When viewing PDFs, there is a long area at the beginning/end of documents that is usually white and that needs to be scrolled over to get to the next page. This is very annoying when reading equations and they wrap to the next page.
If would be cool to implement something like "hide this portion of the page on the top/bottom".
I'm wondering what's the best place to add this functionality in the UI. Should there be a new button in the toolbar for "advanced" stuff like this, or how about adding an entry to the context menu?
Would a PR implementing this feature get accepted into the main repo?
MS Word 2007/2010 implements this by making the space between pages clickable and with a special cursor image. Double-clicking on it "collapses" the pages so that they start when the content starts and end when the content ends, also reducing the inter-page spacing.

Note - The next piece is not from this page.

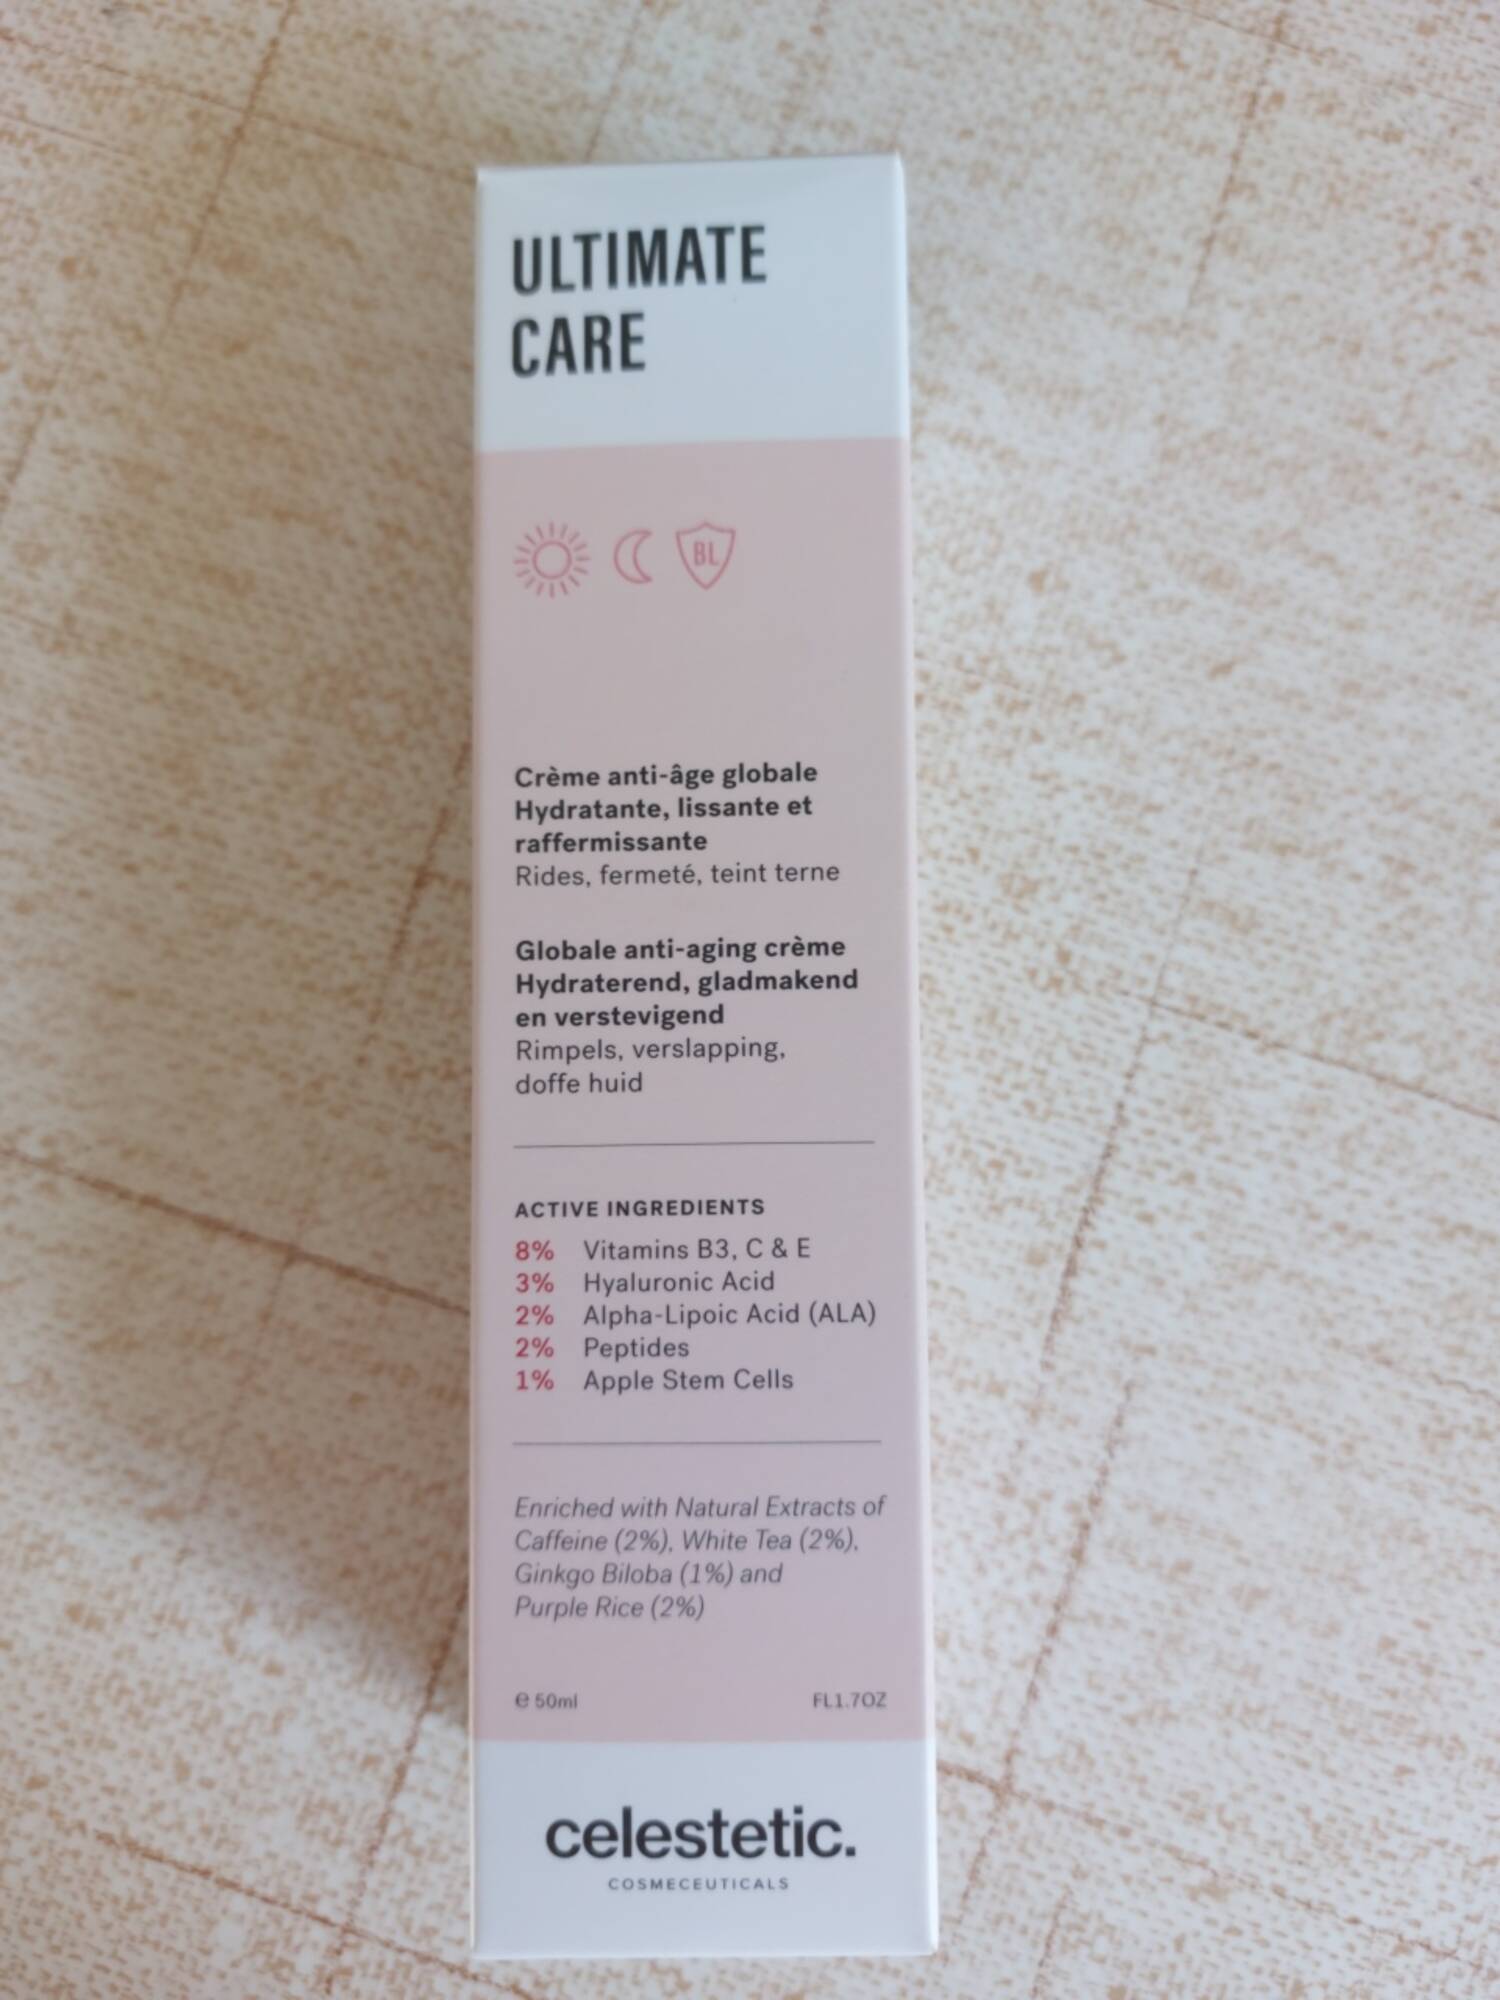 CELESTETIC. - Ultimate care - Crème anti-âge globale

This way it doesn't require neither a button nor a context menu entry, although it may be easier to turn it on/off with one.
EDIT: Actually word's feature only removes the margins, not the whitespace
EDIT: Actually word's feature only removes the margins, not the whitespace
it's not only about removing margins and whitespaces. Most pages have the page number at the bottom/top, which is not interesting for me in most cases. I would love to get rid of this as well when in "continuous mode".
Thinking of "continuous mode", maybe this could be an entry beside the other "zoom" options?
Let's close this issue unless somebody wants to implemented it and assigned.
Let's close this issue unless somebody wants to implemented it and assigned.
I'm waiting on UI/UX feedback on this one (see my first comment). I might carry the implementation, but I cannot promise anything right now.
Okular, KDE's default pdf viewer, has 'trim margin' option. It hides left/right as well as top/bottom margin. +1 for also left/right margin.
before/after screenshot.
This feature would be nice. I use the EBookDroid application for Android devices and it has this feature. There is a "crop pages (Auto)" option. Below in the picture, on the left there is a ebook without cropping and on the right the same ebook with cropping.
Okular has two options:
The first automatically detects the margins per page, and trims margins on every page (even if the result is that the pages have a different size). When the fit-to-width zoom option is used, each individual page has the same displayed width (thus different zoom levels per page).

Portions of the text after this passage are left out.